As evidence of a mutual mistake here, St. Eve turned to Roberg’s signed acknowledgments for 2013 and 2014 in which he made known his understanding that neither he nor the “additional named insureds” would have coverage for services rendered before the reset retroactive dates.

The defendants claimed that Garg and Chicagoland Aesthetics were “additional insureds” and not “additional named insureds.” St. Eve nevertheless found that a separate notice attached to these policies, although not a part of the additional insured endorsements, contained broader wording that negated all coverage for services prior to the effective date of each policy, unless prior acts coverage was purchased.

In addition, she relied on deposition testimony from a Hallmark underwriter that the retroactive dates in the additional insured endorsements were a mistake and that Hallmark’s practice was always to issue the same retroactive dates for named insureds and additional insureds.
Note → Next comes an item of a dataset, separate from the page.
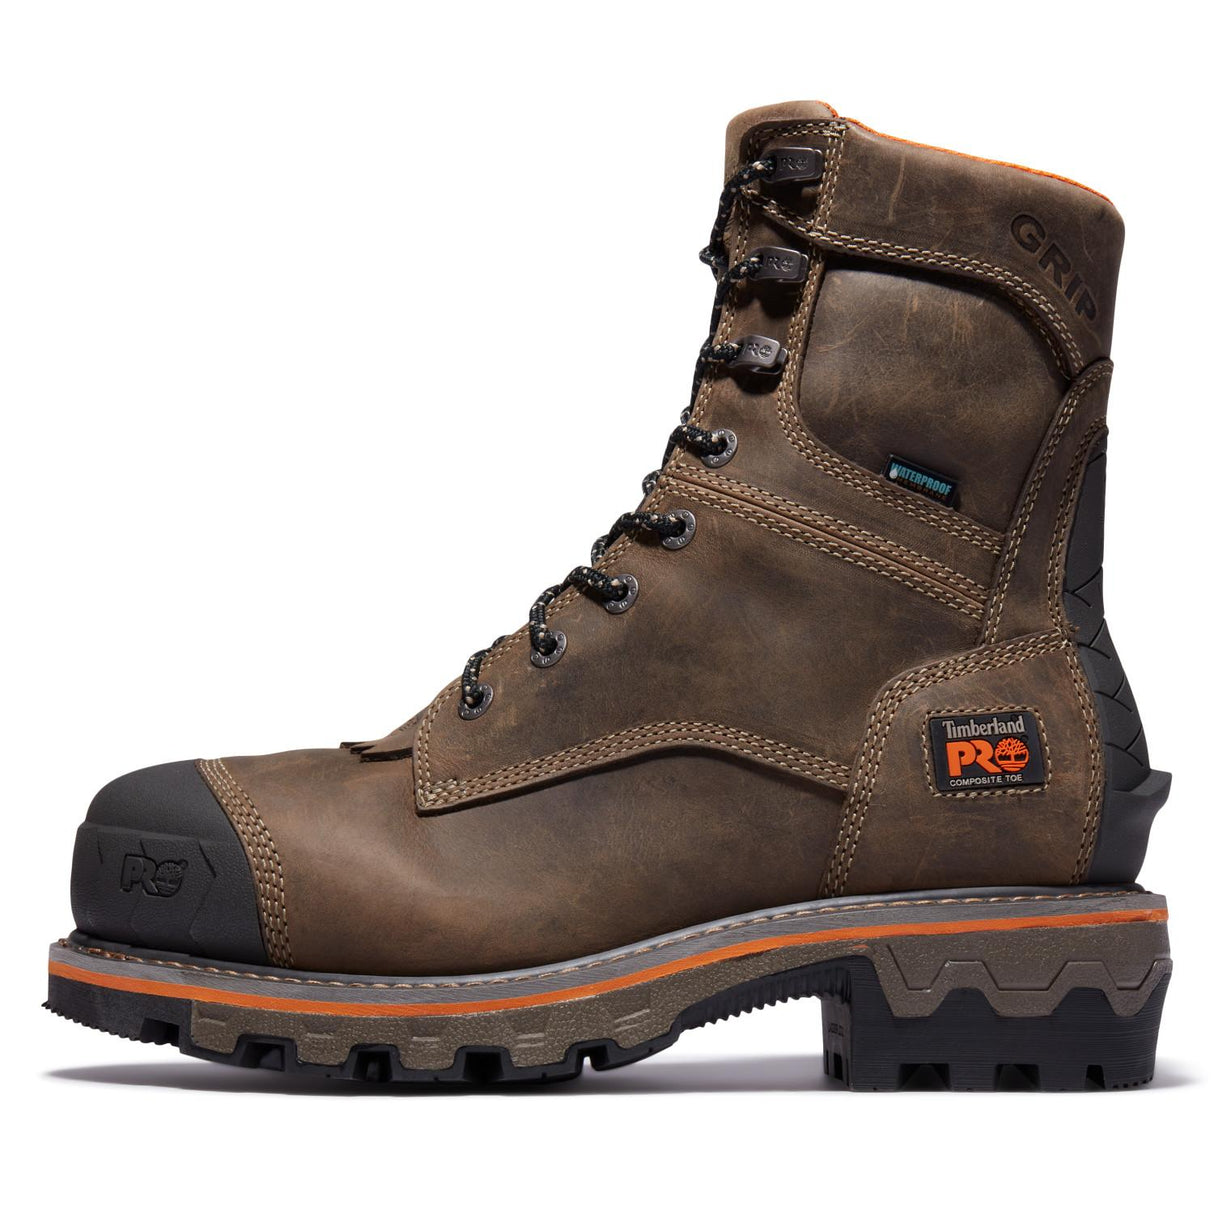 Timberland Pro-Boondock Hd Nt Waterproof Brown-Steel Toes-5

St. Eve found that the insureds’ evidence in opposition to Hallmark was insufficient to create a fact issue. She noted, for example, that testimony from the insureds’ broker – that the longer retroactive dates for the additional insureds may have been gratuitous “bonus coverage” in a soft insurance market – was wholly speculative.

The insureds also raised estoppel as a defense. But the main case law they relied on arose in the context of where the insurer claimed a mutual mistake in a policy but failed to either defend the insured or file a prompt declaratory action in response to an underlying claim, as required by Employers Insurance ofWausau v. Ehlco Liquidating Trust, 186 Ill.2d 127 (1999). In this case, by contrast, Hallmark filed a prompt declaratory action.

St. Eve further found a lack of evidence that the insureds detrimentally relied on the retroactive dates listed in the 2013 and 2014 policy endorsements.

They claimed, for example, that they relied on the coverage advice from their broker concerning the retroactive dates, but their broker testified that he did not know one way or the other what coverage the 2013 policy provided the additional insureds after Roberg submitted the 2013 application.

The court therefore granted Hallmark reformation of the 2013 and 2014 policies, finding that it owed no duty to defend any of the insureds or to pay a judgment or settlement on their behalf. The court found it unnecessary to address Hallmark’s rescission claim.

Key Point

Evidence of mutual mistake sufficient to allow reformation of insurance policy language may be based both on an insured’s acknowledgment of the actual coverage provided as well as evidence of an insurer’s established underwriting practices.